Your output should be exactly the lines from the one containing "Jean Mini Skirt" through the last line of the listing, and nothing else. Pictures stay out.
Supplied material Block Start
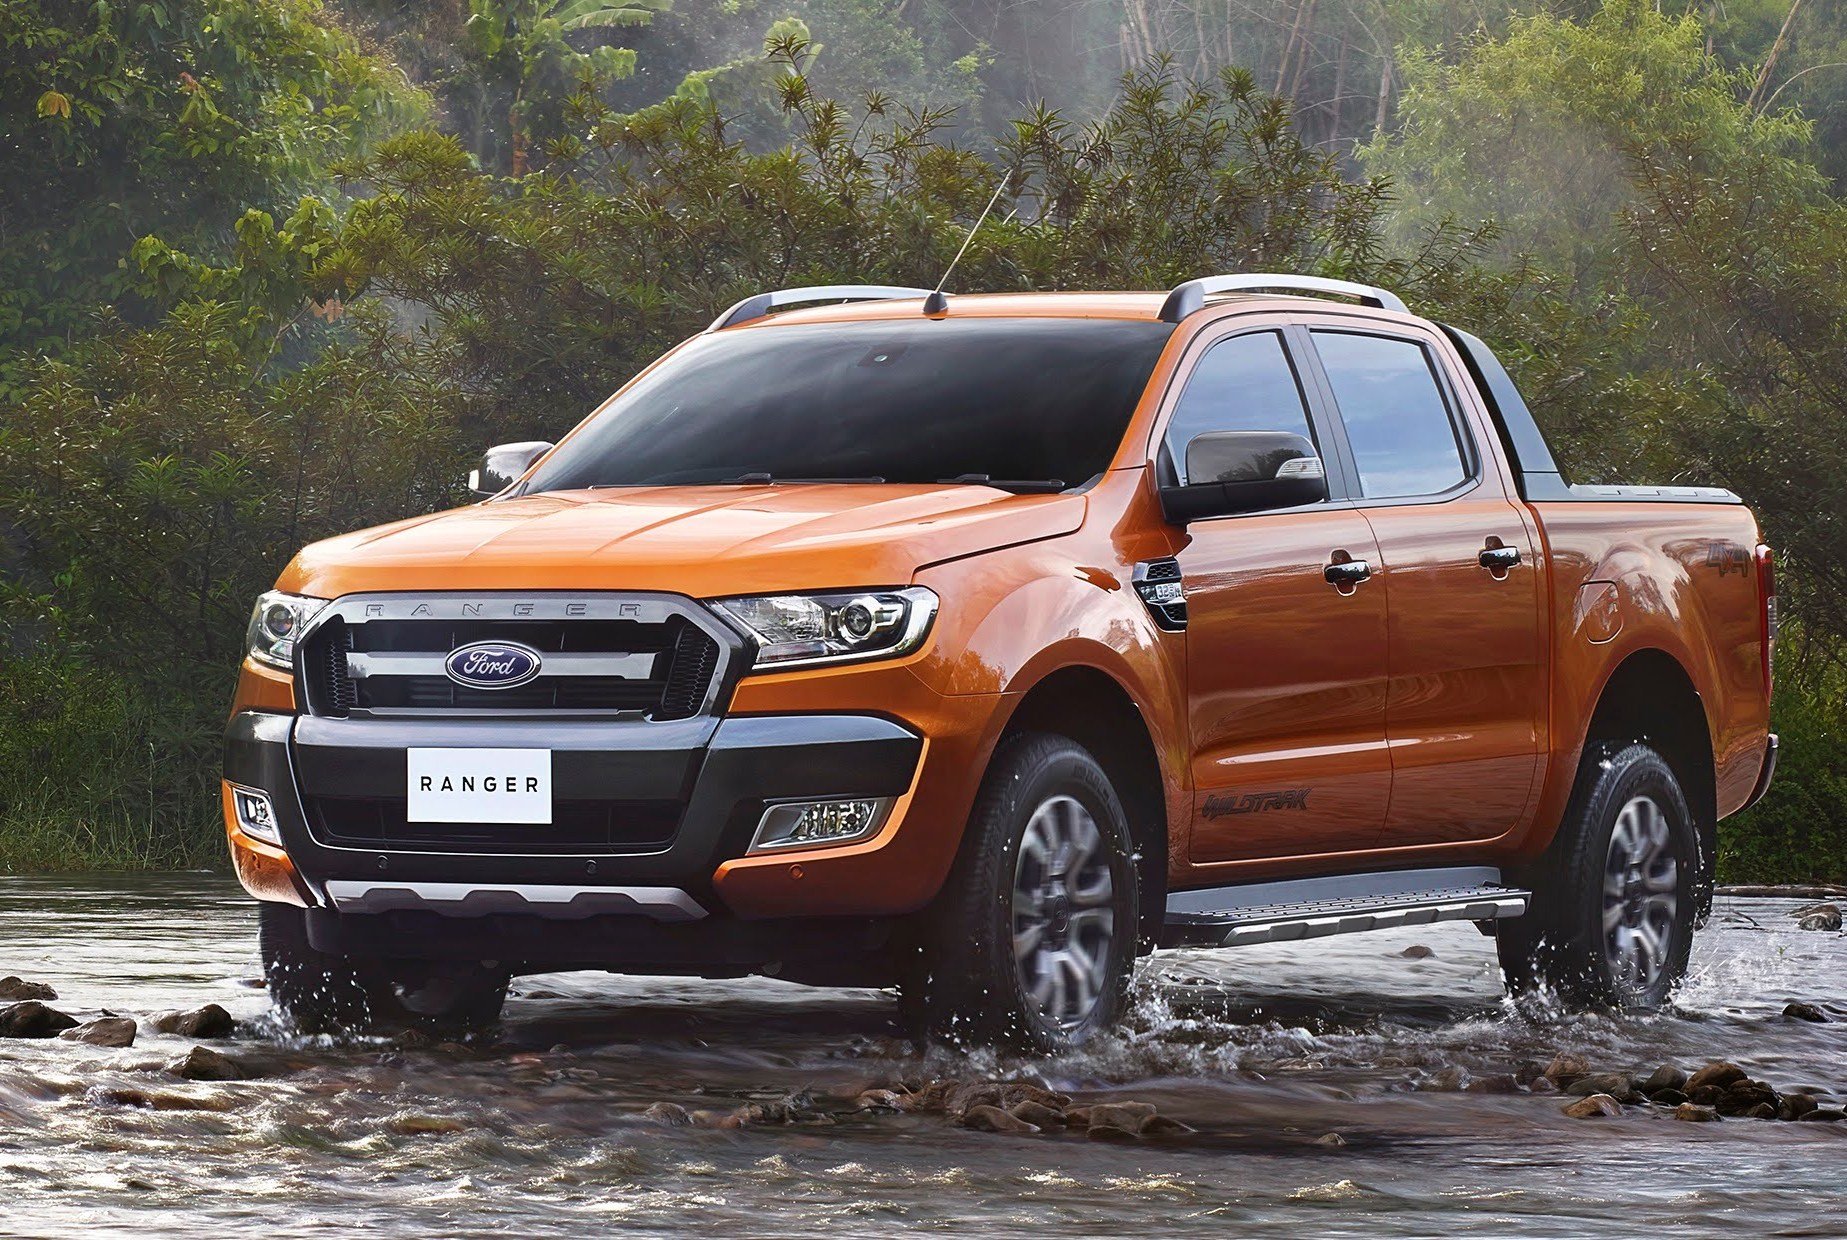 Đánh giá xe Ford Ranger  nâng tầm bản lĩnh  thách thức mọi giới hạn   Hiền Trương Auto  Độ xe bán tải chuyên nghiệp
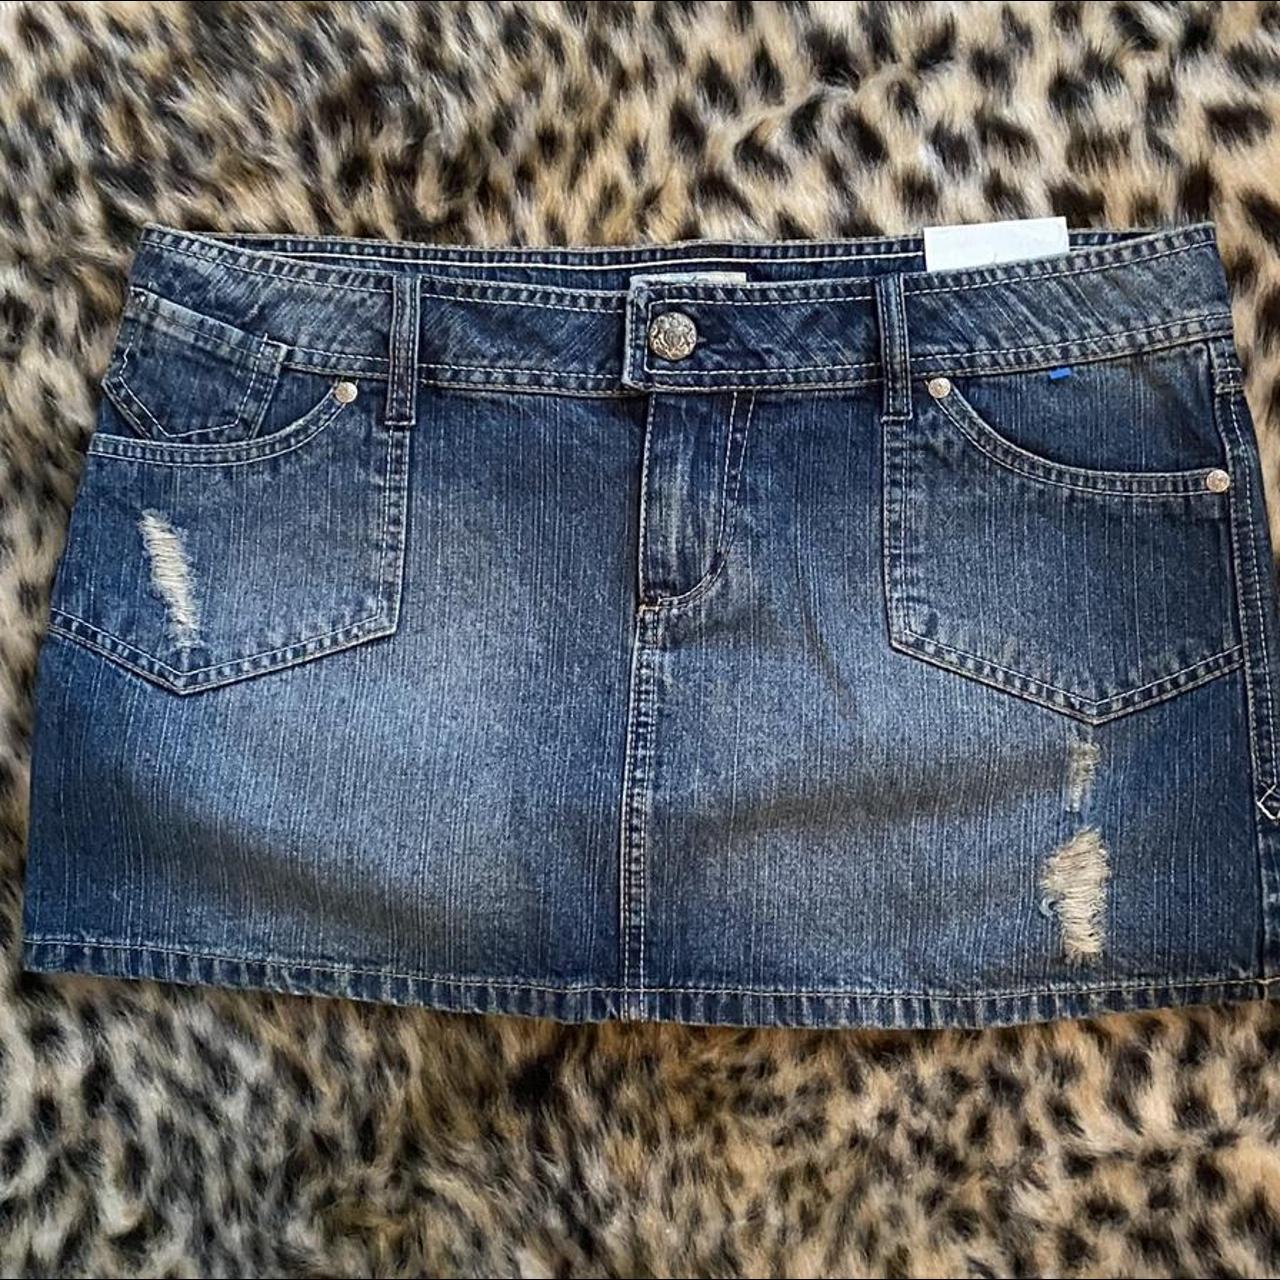 Jean Mini Skirt Y2K, tags still on, size 11 eleven,... - Depop
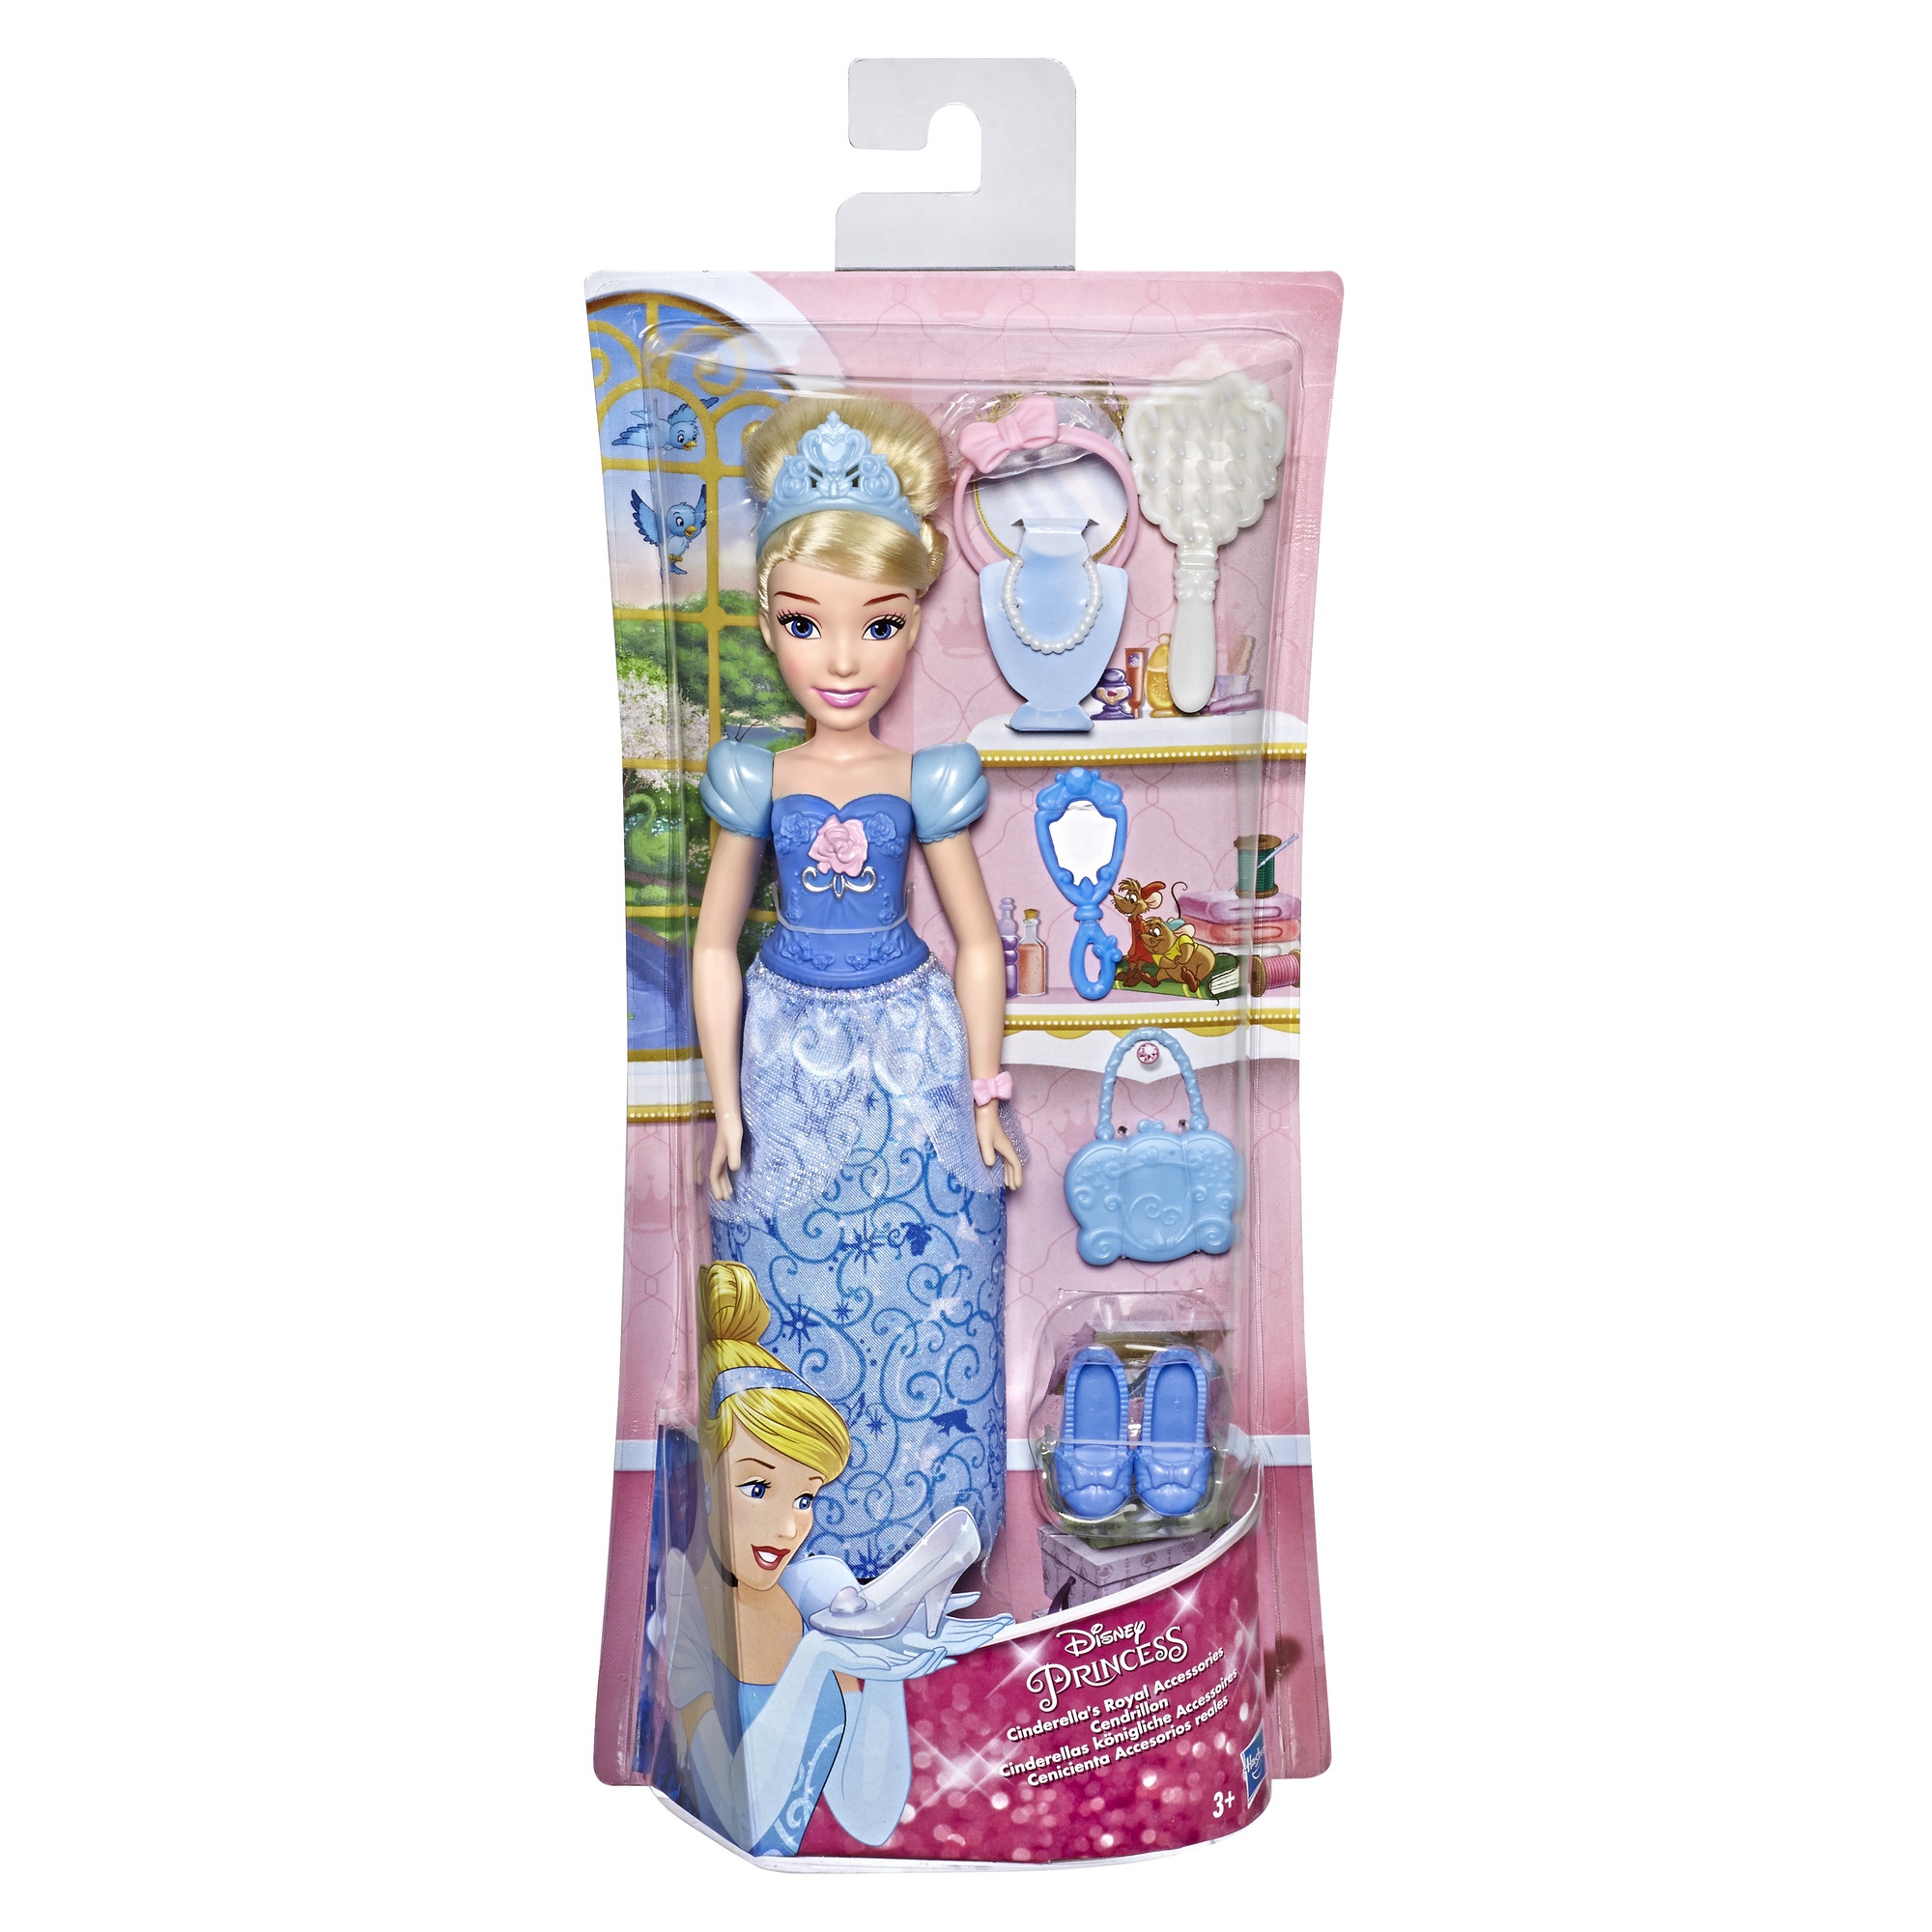 Disney Princess Rapunzel Ραπουνζέλ E3048  E3048EU6 - Disney Princess
Supplied material Block End
Solution for this problem.
 Jean Mini Skirt Y2K, tags still on, size 11 eleven,... - Depop
 Disney Princess Rapunzel Ραπουνζέλ E3048  E3048EU6 - Disney Princess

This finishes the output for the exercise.